The Rue Saint-Florentin (/fr/; "St Florentin Street") is a thoroughfare in the 1st and 8th arrondissement of Paris. The street took its name from the Duc de la Vrillière, Louis Phélypeaux, comte de Saint-Florentin, minister and secretary of state, who had his private mansion built there. For several years, it housed the US Embassy in France, George C. Marshall and William Averell Harriman.

==History==
The Rue Saint-Florentin was originally a cul-de-sac named "cul-de-sac de l'Orangerie". In 1730, part of the land bordering it (corresponding to the odd numbers) belonged to King Louis XV and the other part (corresponding to the even numbers) to financier Samuel Bernard.

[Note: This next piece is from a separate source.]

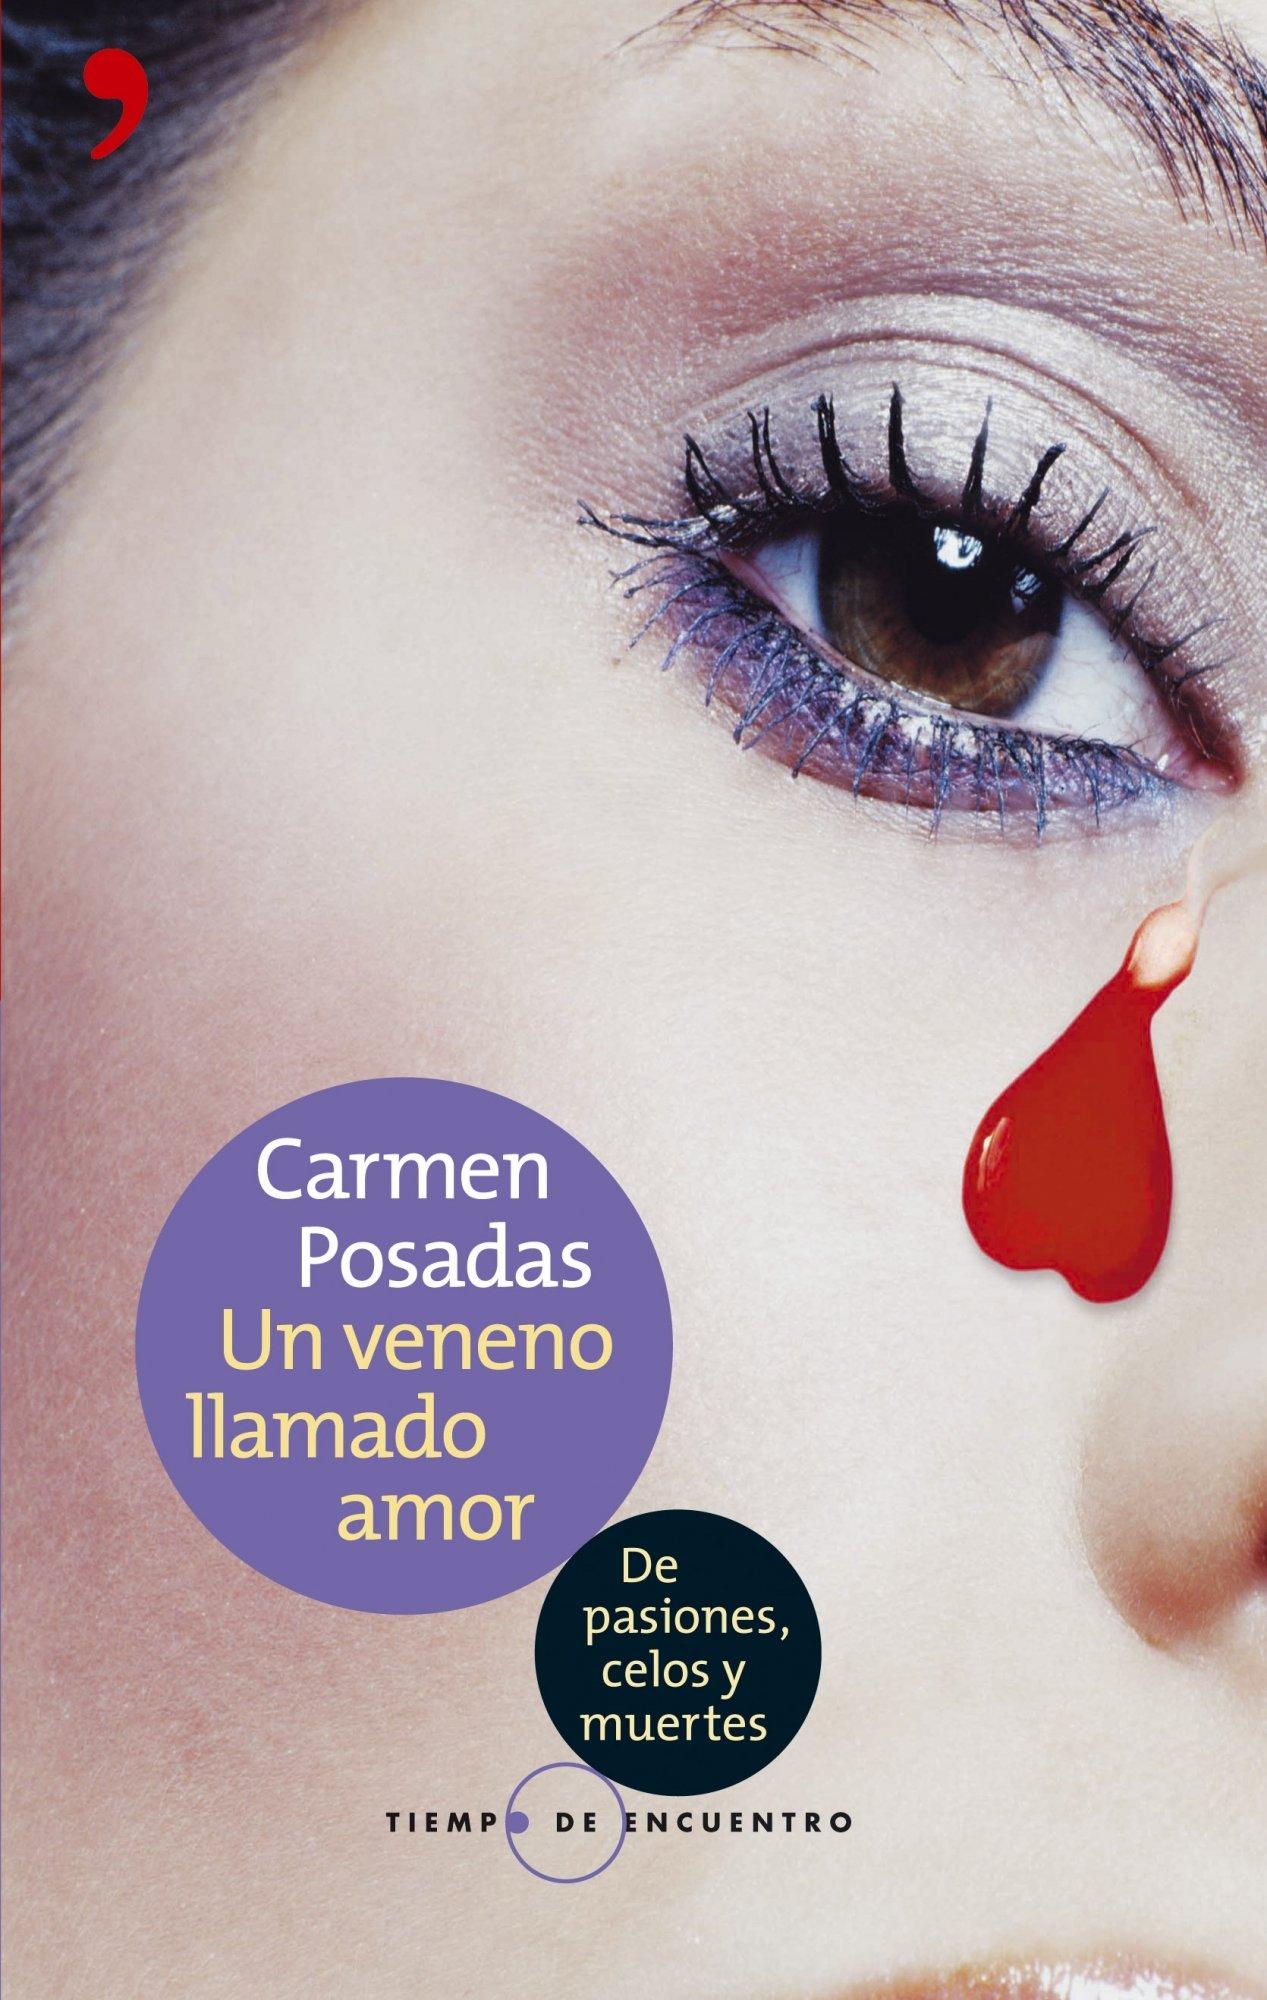 Un veneno llamado amor (Tiempo de Encuentro): Amazon.es: Carmen Posadas: Libros

In 1758, when the Place de la Concorde was created, the impasse became the Rue de l'Orangerie. It was also known as the Petite rue des Tuileries.

It begins between 2, place de la Concorde and 258, rue de Rivoli. It ends at 271, rue Saint-Honoré, where it is extended by the Rue du Chevalier-de-Saint-George. The even-numbered side is in the 1st arrondissement, while the odd-numbered side is in the 8th arrondissement.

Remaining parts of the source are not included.